Qu’a vraiment dit Voltaire du Canada ?
L’hebdomadaire Le Nord (Saint-Jérôme) du 27 septembre 1888 reproduit un texte signé Eug. Réveillaud paru dans le journal Paris-Canada le 21 juin 1888.
On cite souvent un mot de voltaire au sujet du Canada. Il a écrit quelque part, à l’époque de la cession de la colonie à l’Angleterre, que la France ne perdait là que «quelques arpents de neige». Il serait intéressant de connaître le texte exact de Voltaire, et dans quelles circonstances il a laissé échapper cette boutade. […]
Mais voici cette réponse pour Paris-Canada. Je vous l’eusse envoyée plus tôt, si je n’avais été tout ce mois absent de Versailles.
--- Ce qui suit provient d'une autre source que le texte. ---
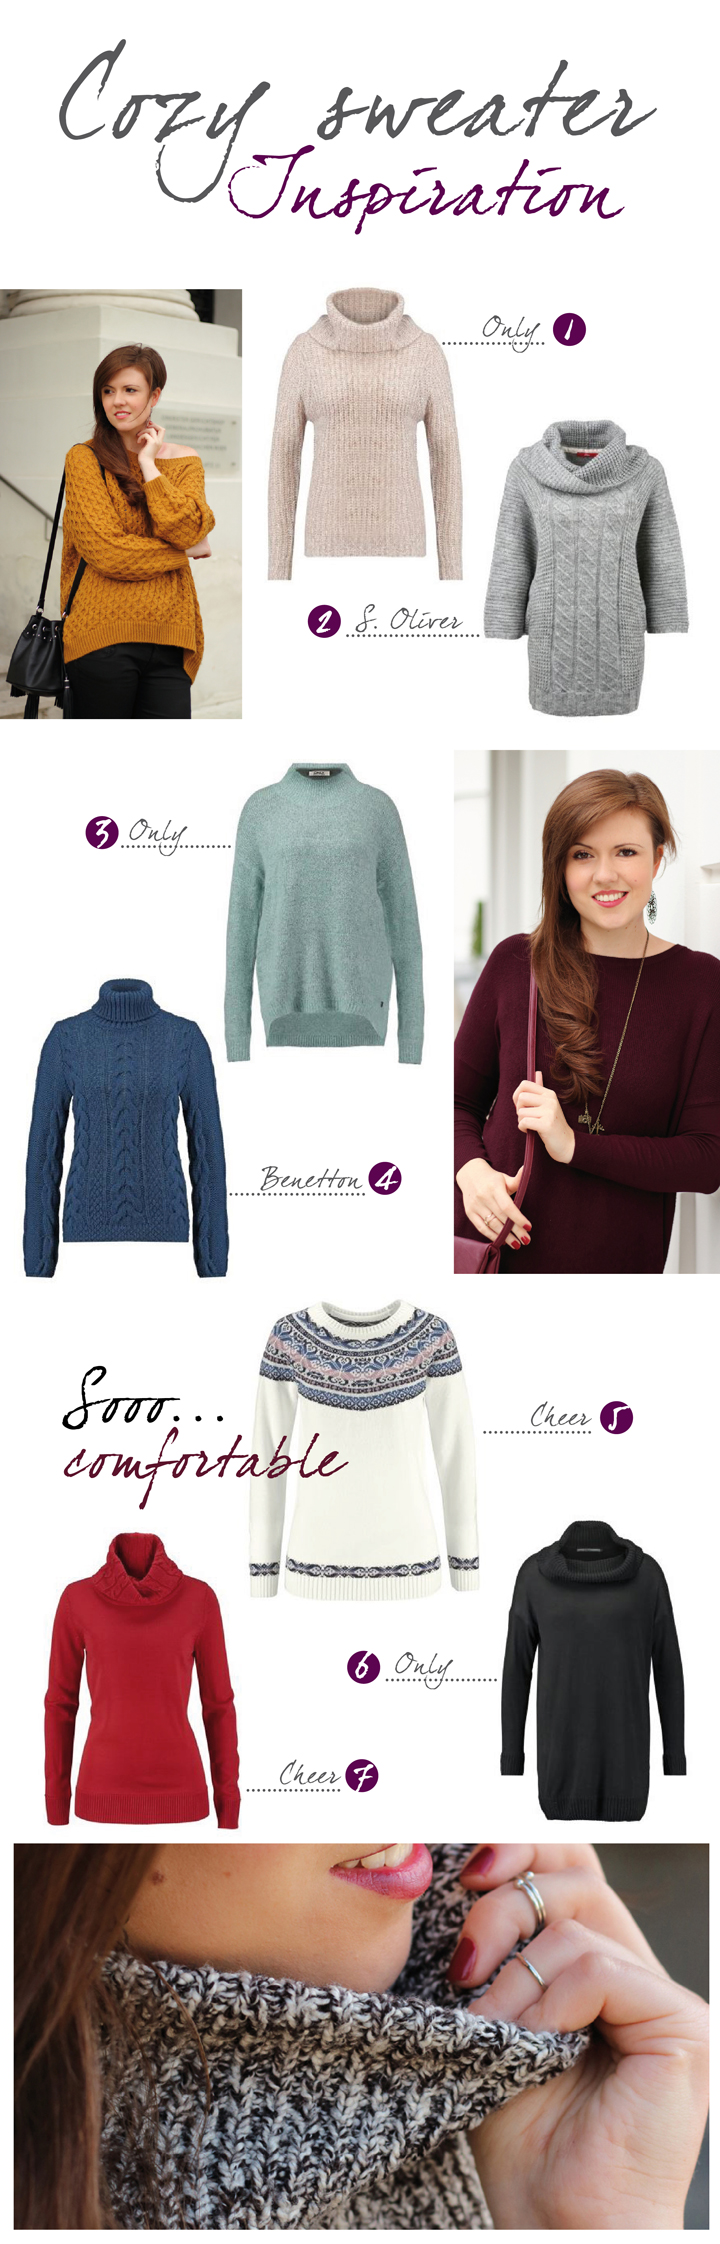 Justmyself_Fashionblog-pullover-herbst-trend-2015-rollkragenpullover-turtleneck-grau-rose-mint-blau-schwarz-rot

C’est dans une lettre adressée à M. de Moncrif et datée de [mot illisible qui serait Monrion ou Montrion], 27 mars 1757, que se trouve le passage où le philosophe «historien» (comme il s’est appelé lui-même) parle avec ce fier dédain de l’objet de la guerre engagé alors en Amérique et sur le continent. Il décrit l’emploi de son temps à son correspondant :
«… Je suis «historien» les hivers à Lausanne, et je réussis dans les rôles de vieillard; je suis jardinier au printemps, à mes Délices, près de Genève. Je vois de mon lit, le lac, le Rhône et une autre rivière. Avez-vous des tulipes au mois de mars ? Avec cela, «on barbouille de la philosophie et de l’histoire»; on se moque des sottises du genre humain et de la charlatanerie de vos physiciens qui croient avoir mesuré la terre, et de ceux qui passent pour des hommes profonds, parce qu’ils ont dit qu’on fait des anguilles avec de la pâte aigre. On plaint ce pauvre genre humain qui s’égorge dans notre continent à propos de quelques arpents de glace en Canada. On est libre comme l’air depuis le matin jusqu’au soir. Mes vergers, mes vignes et moi nous ne devons rien à personne…
* * *
Voilà le texte cité par Réveillaud. Il faut corriger plusieurs détails. Il s’agirait d’une lettre datée du 17 mars et non du 27 mars. Et l’ouvrage Choix de lettres du XVIIIe siècle par M. J. Labbé (Paris, Bélin Frères, 1890, p. 203s.) donne plutôt le texte suivant venant de Voltaire :
Je suis histrion l’hiver à Lausanne, et je réussis dans les rôles de vieillards : je suis jardinier au printemps, à mes Délices, près de Genève, dans un climat plus méridional que le vôtre. Je vois de mon lit le lac, le Rhône et une autre rivière. Avez-vous, mon cher confrère, un plus bel aspect ? Avez-vous des tulipes au mois de mars ? Avec cela, on barbouille de la philosophie et de l’histoire; on se moque des sottises du genre humain et de la charlatanerie de vos physiciens qui croient avoir mesuré la terre, et de ceux qui passent pour des hommes profonds parce qu’ils ont dit qu’on fait des anguilles avec de la pâte aigre.
On plaint ce pauvre genre humain qui s’égorge dans notre continent à propos de quelques arpents de glace en Canada. On est libre comme l’air depuis le matin jusqu’au soir. Mes vergers, et mes vignes, et moi, nous ne devons rien à personne.
P. S. Il faut comprendre que la guerre entre la France et l’Angleterre sur le continent nord-américain se déroule aussi en Europe. On l’appellera Guerre de Sept ans et ne se terminera qu’en 1763. C’est la raison pour laquelle Voltaire évoque le genre humain qui s’égorge sur son continent.
François-Augustin de Paradis De Moncrif (1687-1770) serait surtout connu, semble-t-il, pour son Histoire des chats parue en 1727. D’ailleurs, Voltaire prenait plaisir à l’appeler l’Historiogriffe des chats.
Cela dit, Voltaire n’a jamais utilisé le mot «historien», mais plutôt «histrion». Le Petit Robert écrit que le mot histrion, qui remonte à 1544, une année après le retour de Cap-Rouge de François de Roberval et de son équipage, désigne un «Acteur jouant des farces grossières». Bref, un bouffon, un comédien. On l’utilise aussi pour parler d’un cabotin. Ici, dans son texte, Voltaire laisse entendre qu’en hiver, il joue des rôles de vieillard, sans doute au théâtre.
L’illustration, un dessin non identifié du buste de Voltaire (1694-1778) par Houdon, apparaît sur la page Wikipédia consacrée à l’écrivain et philosophe français.